2) Please note you are not the legal owner of flat as of now as, In law, in absence of registration of sale deed between you and the builder, by virtue of transfer of property act, you do not have the title to sell the property.
3) So legally the options for executing a sale deed are :
a) Either the builder executes a registered sale deed in your favour and you can execute another registered sale deed in favour of buyer( this is costly as registration and stamp duty are incurred twice)
OR
b) Execute a tri-party sale deed where in the parties are : your builder (Seller), The buyer and you ( you will be the consenting witness to the sale deed).
4) Though you are not the legal owner, but given that you have taken possession and also availed a home loan, you are liable to pay capital gains tax under Income Tax Act.

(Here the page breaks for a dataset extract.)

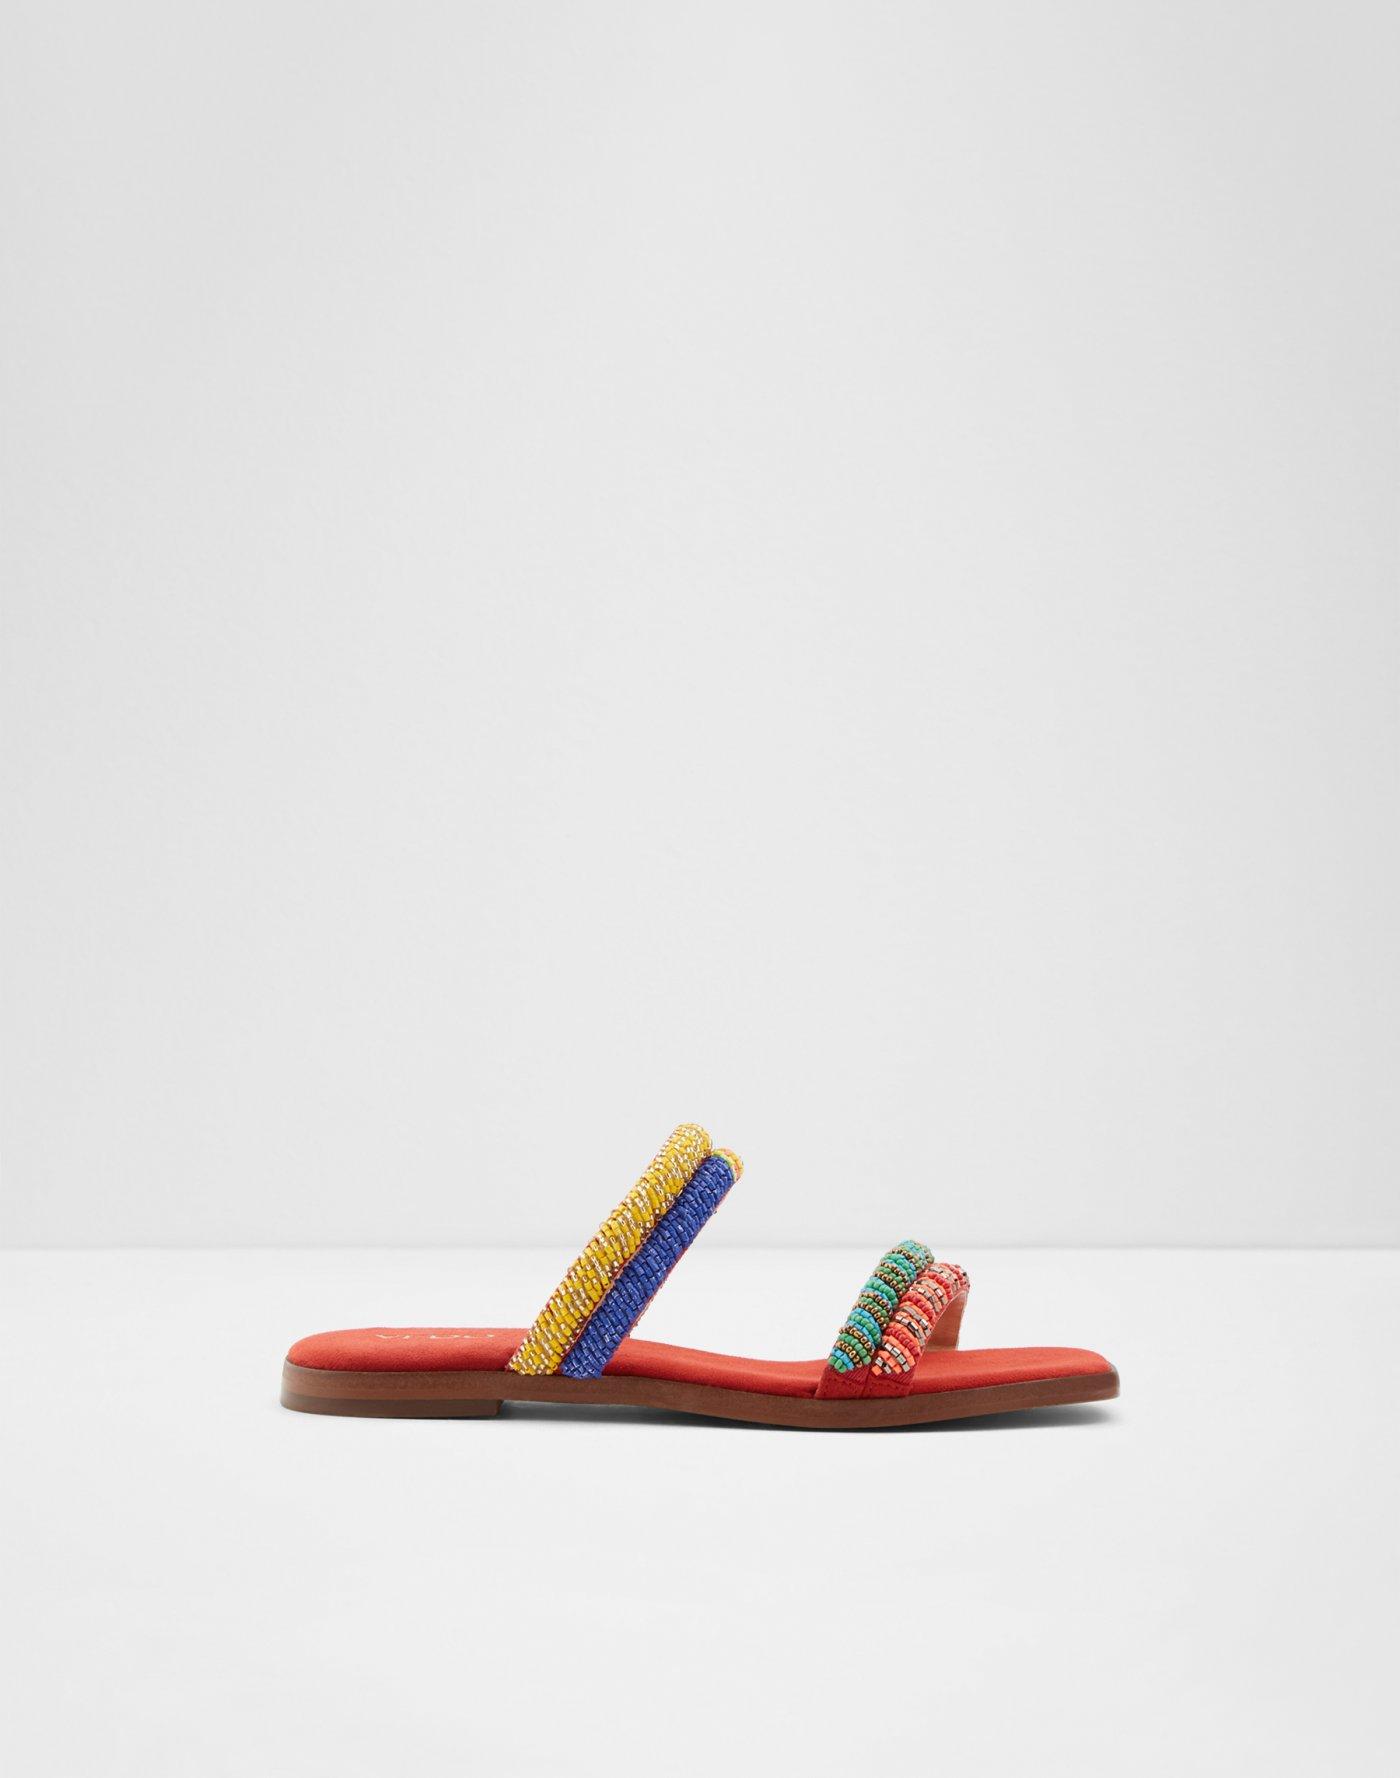 64e67012c398 Sandals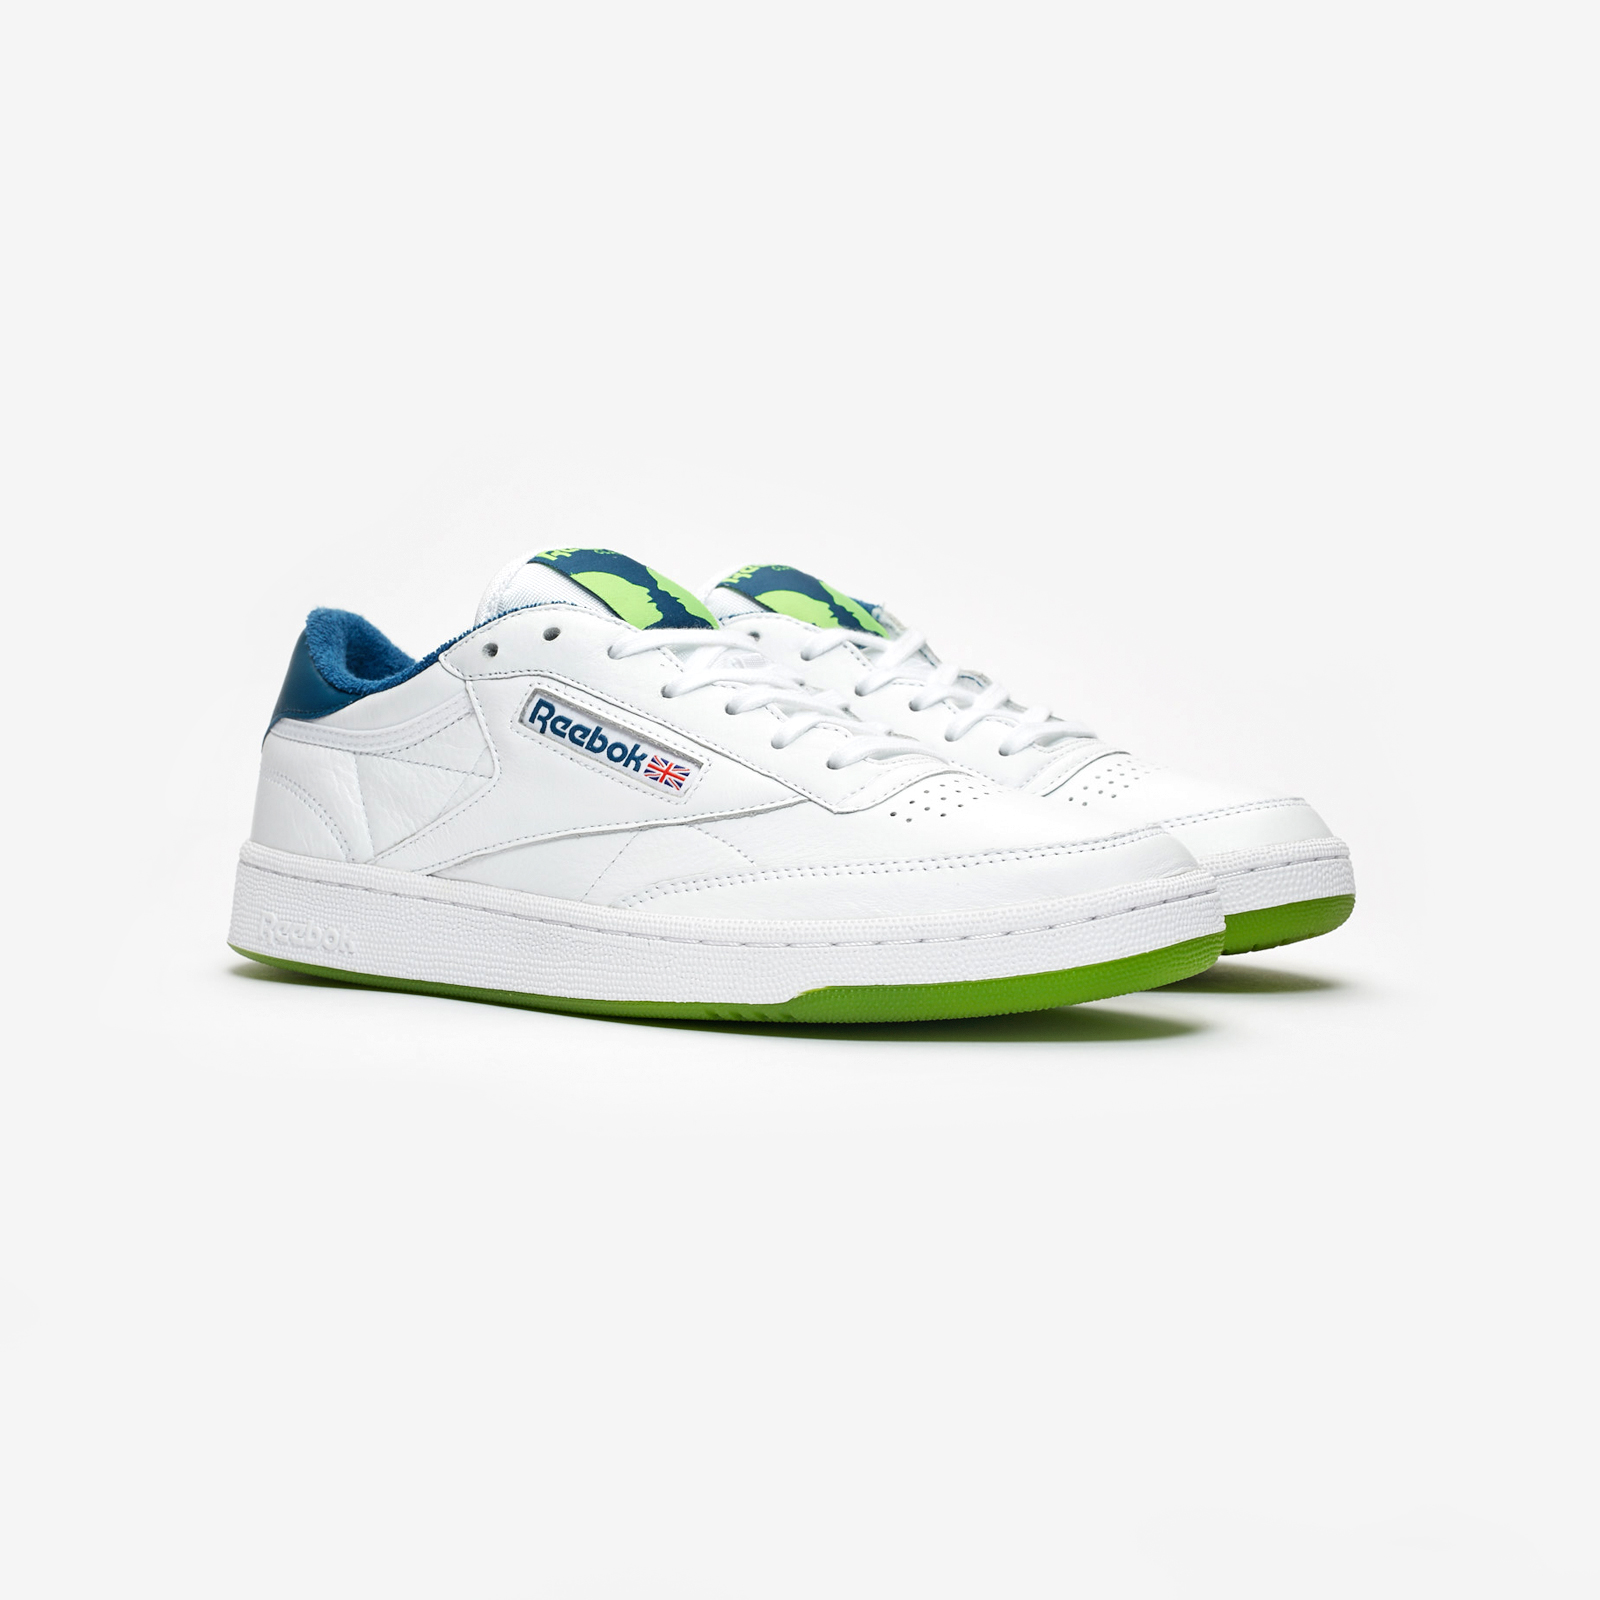 dcfd424816081a Reebok Club C 85 x Bronze - Dv4822 - Sneakersnstuff

5) Since you have taken possession, if the asset has been held by you for more than 24 months, then Long term capital gains at a rate of 20% (plus applicable surcharge and cess) is applicable. Please note that Capital gains are taxable in the year in which the property is transferred, irrespective of whether the sale consideration has been received in full or not. Please note that Buyer has to mandatorily deduct 20% TDS at the time of buying in order to ensure you comply with Capital gains.
6) Please note under tax laws to be considered as a Resident Indian
- He/She is in India for 182 days or more during the financial year.
OR
- If he/she is in India for at least 365 days during the 4 years preceding that year AND at least 60 days in that year.
So, if you satisfy any of the two above conditions, you are a resident indian.
If you do not satisfy both of the two above conditions, you are deemed Non Resident Indian.
Hope this above information is useful.